- **Records provided**
....................

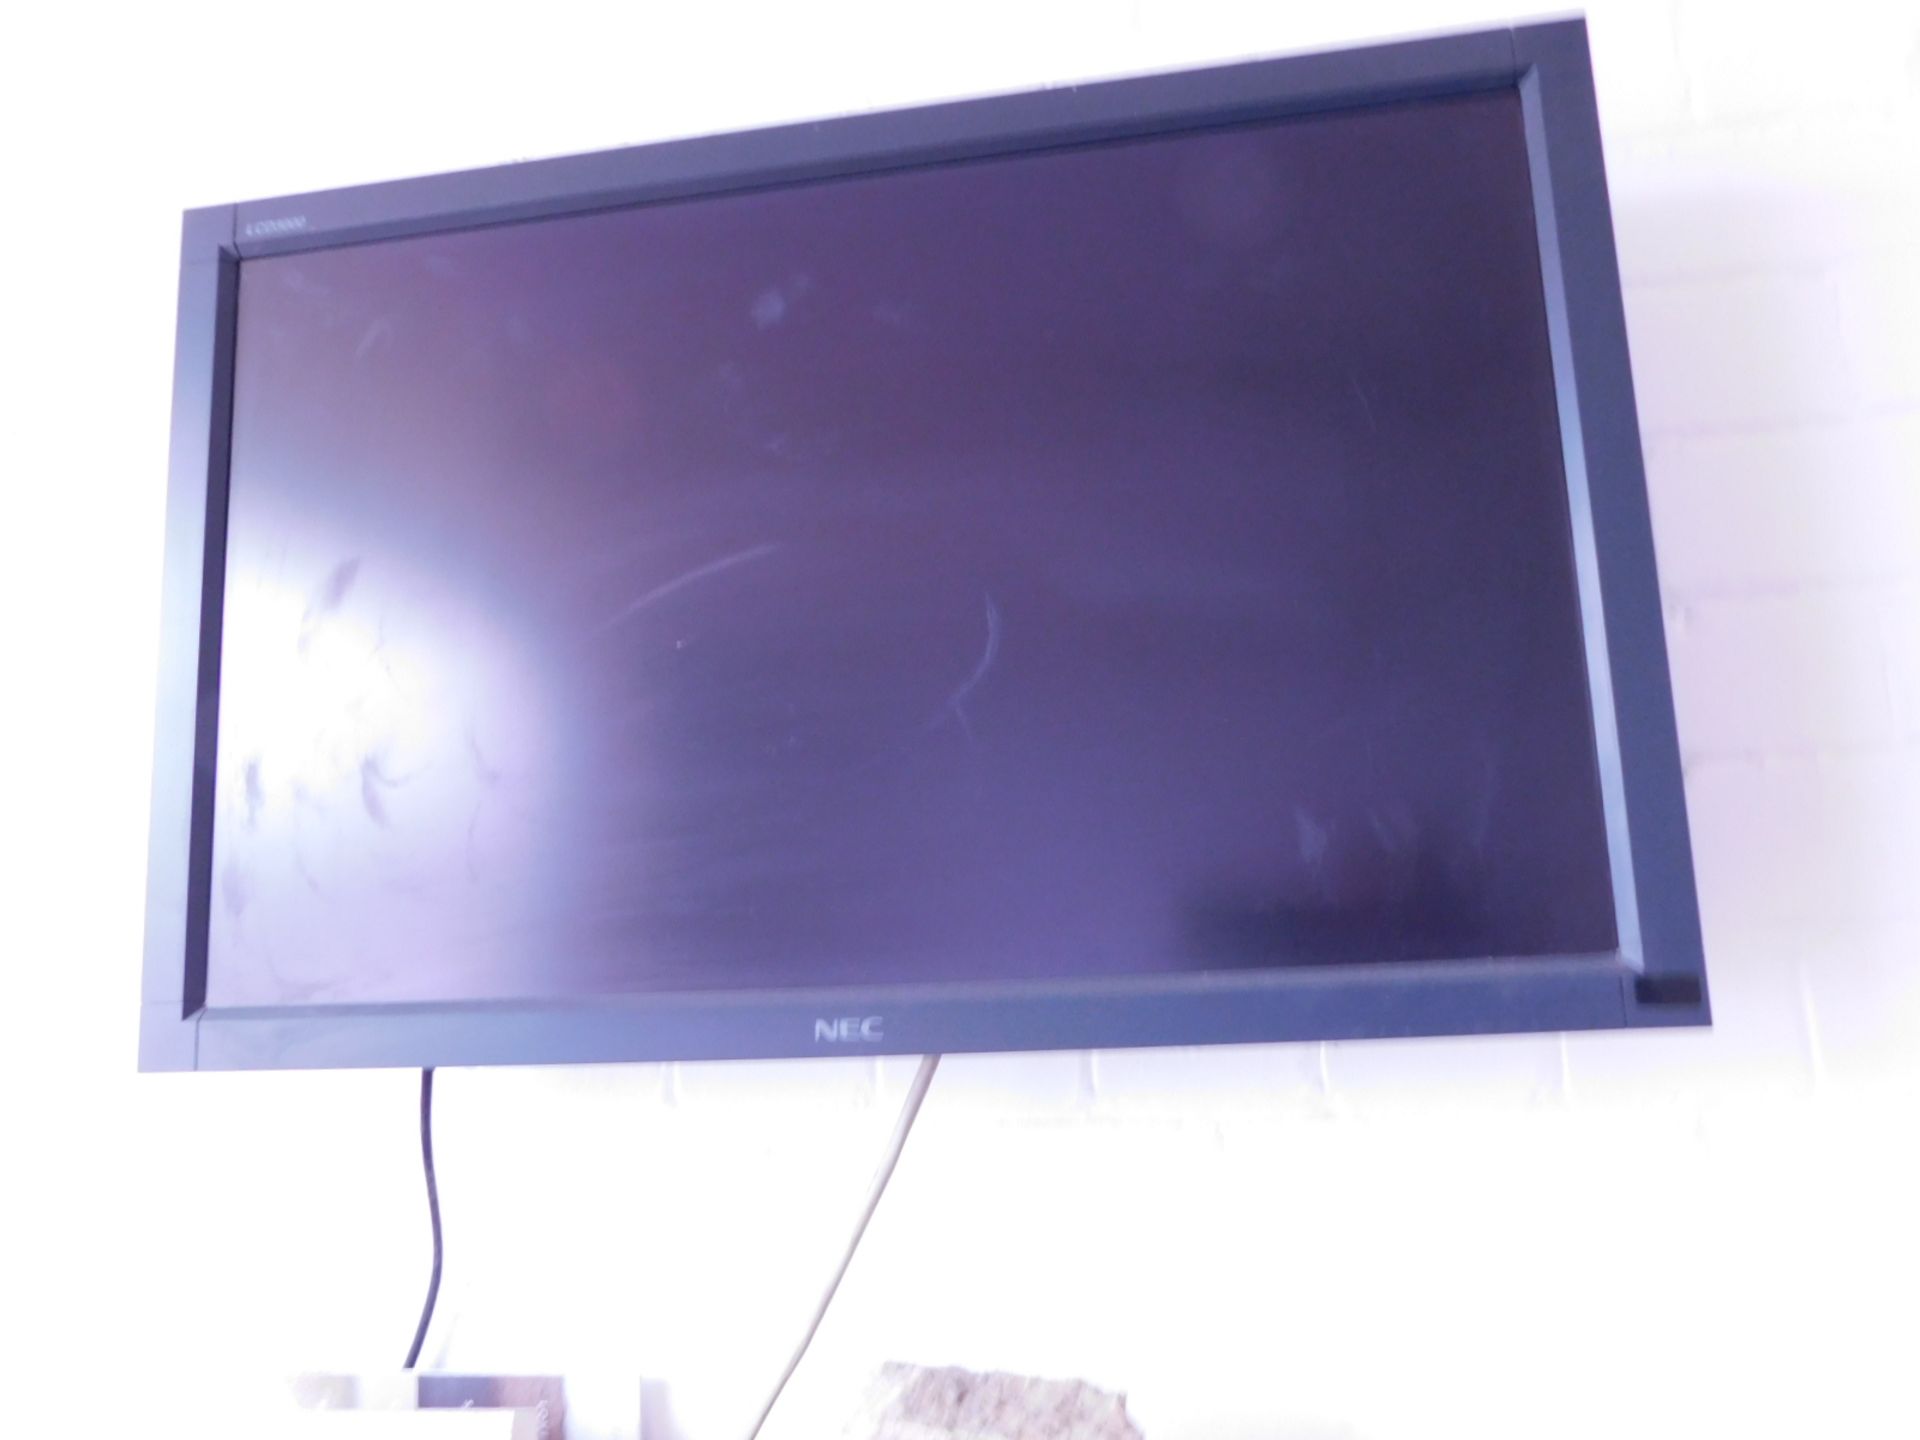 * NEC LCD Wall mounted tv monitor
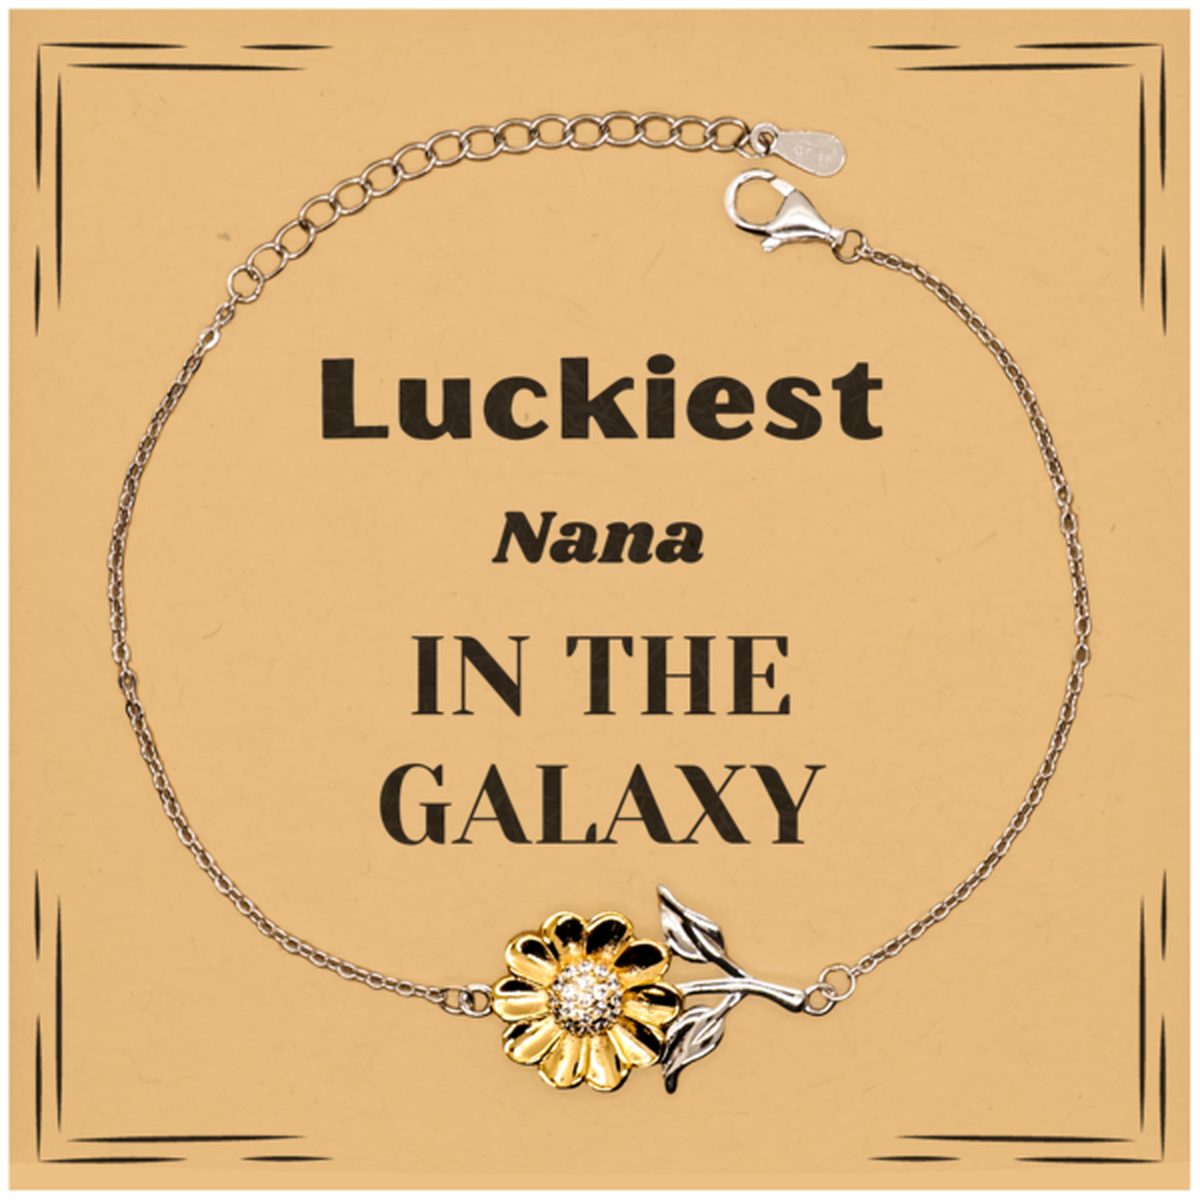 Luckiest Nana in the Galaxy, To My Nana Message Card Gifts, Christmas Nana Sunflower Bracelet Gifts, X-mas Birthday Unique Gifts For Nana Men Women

....................

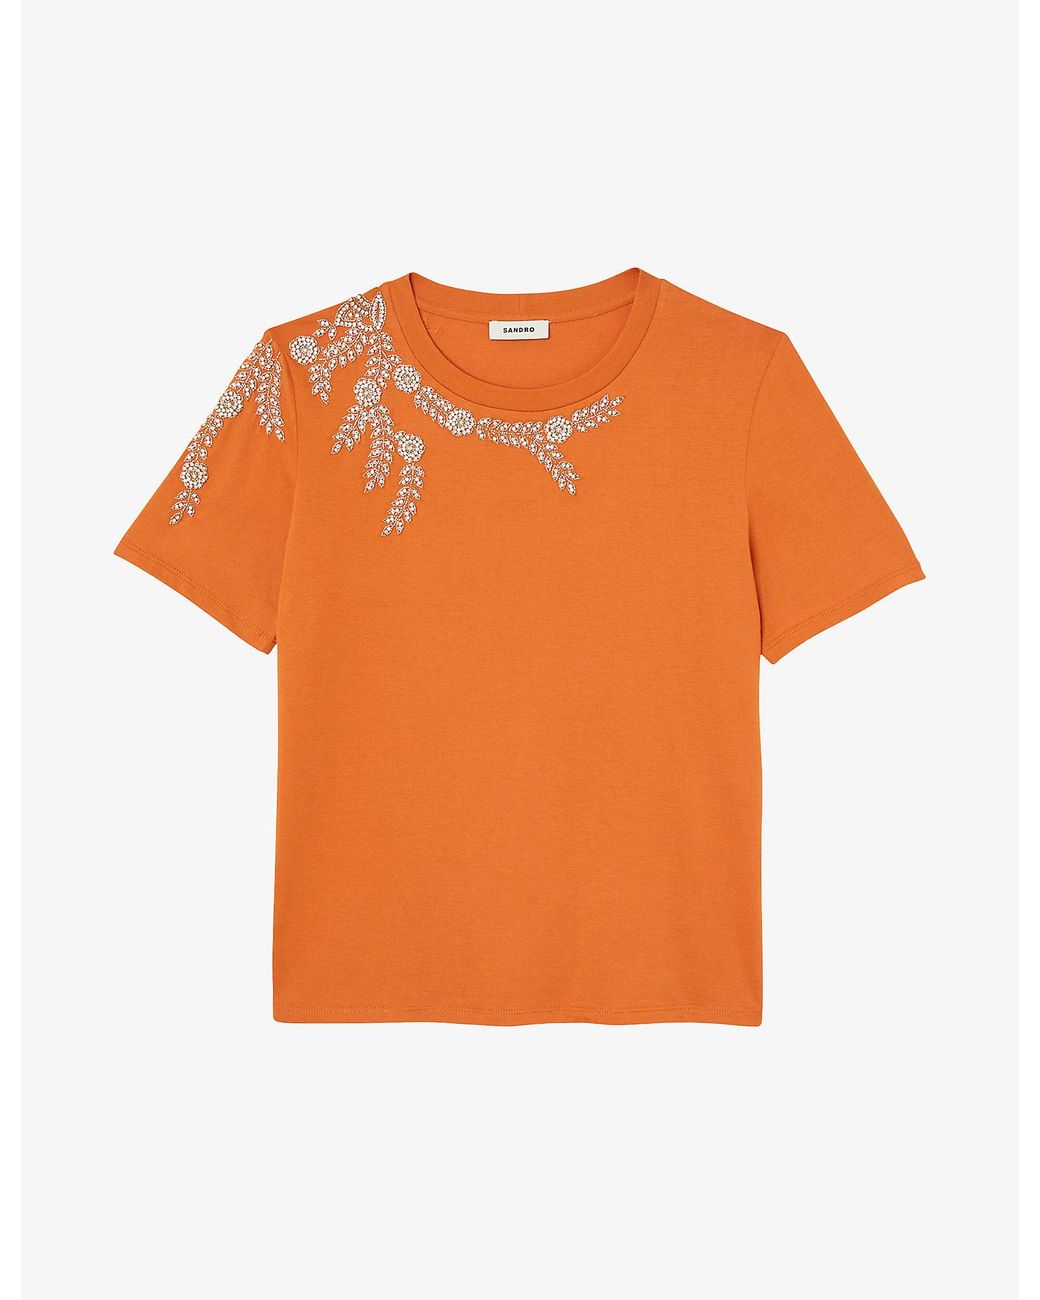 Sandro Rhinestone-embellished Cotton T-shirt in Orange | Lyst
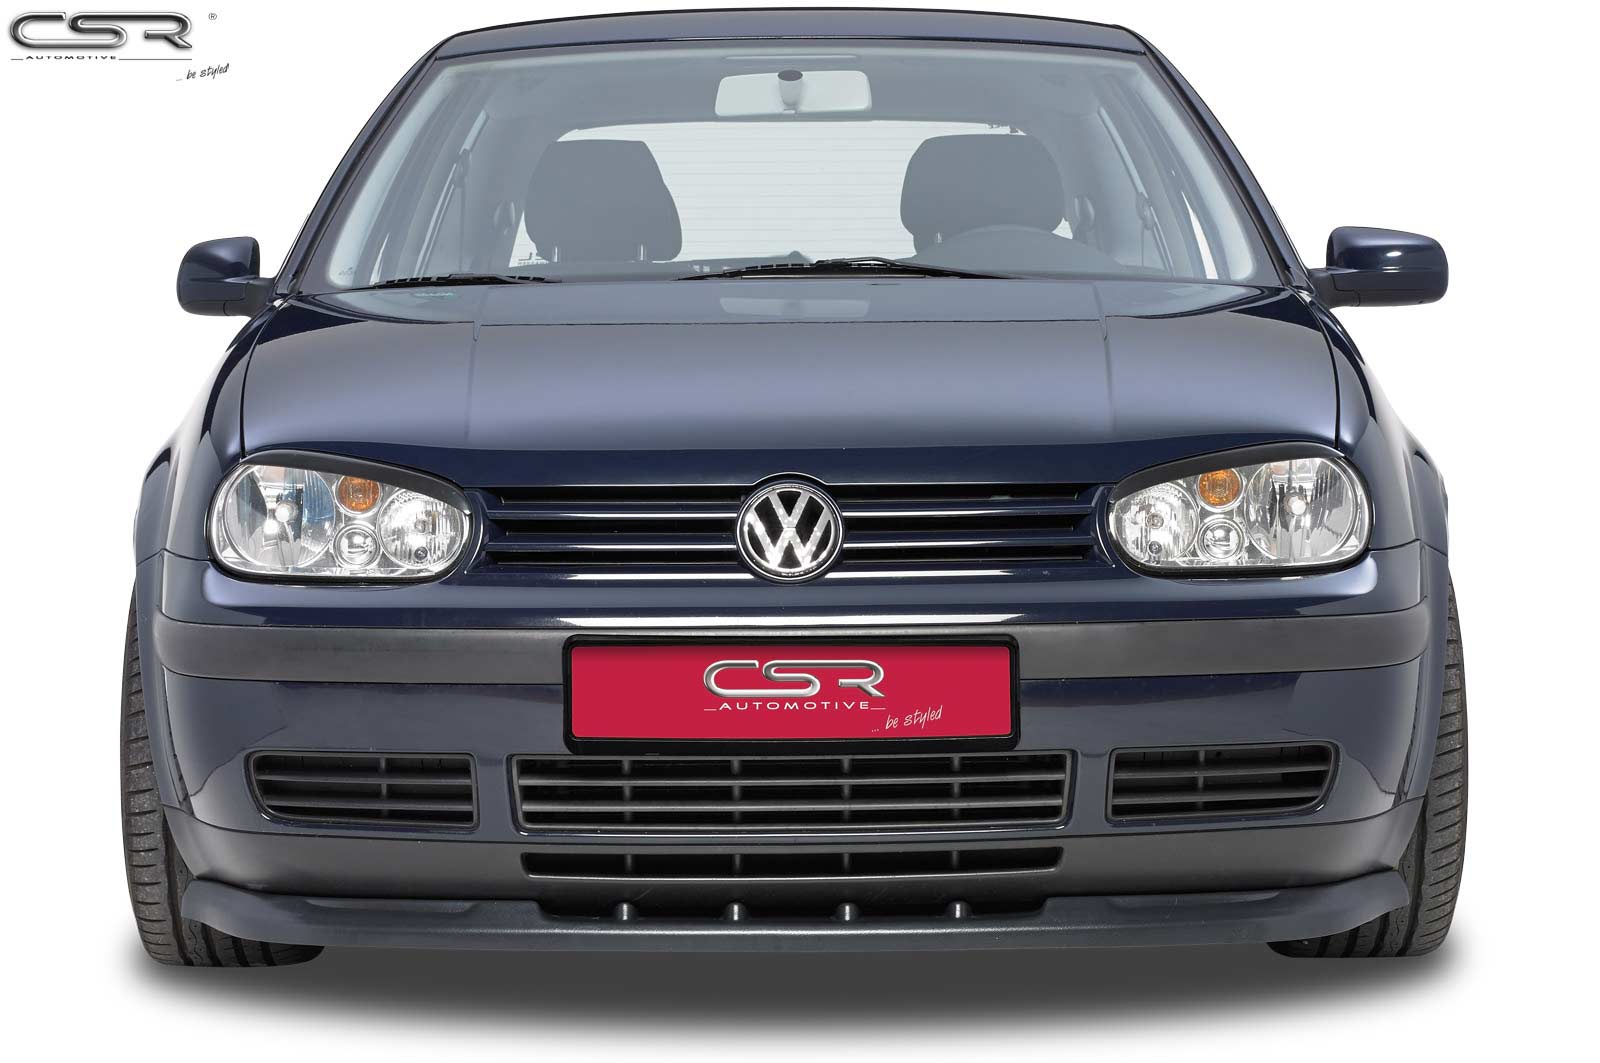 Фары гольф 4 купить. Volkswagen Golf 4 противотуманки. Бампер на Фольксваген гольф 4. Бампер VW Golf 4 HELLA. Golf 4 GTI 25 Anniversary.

....................

- **Brief**
When you reach the line with "Sandro Rhinestone-embellished Cotton" in the records above, start writing out each line exactly, and stop after the line with "Фары гольф 4". Pictures stay out.

- **Solution to this exercise**
 Sandro Rhinestone-embellished Cotton T-shirt in Orange | Lyst
 Фары гольф 4 купить. Volkswagen Golf 4 противотуманки. Бампер на Фольксваген гольф 4. Бампер VW Golf 4 HELLA. Golf 4 GTI 25 Anniversary.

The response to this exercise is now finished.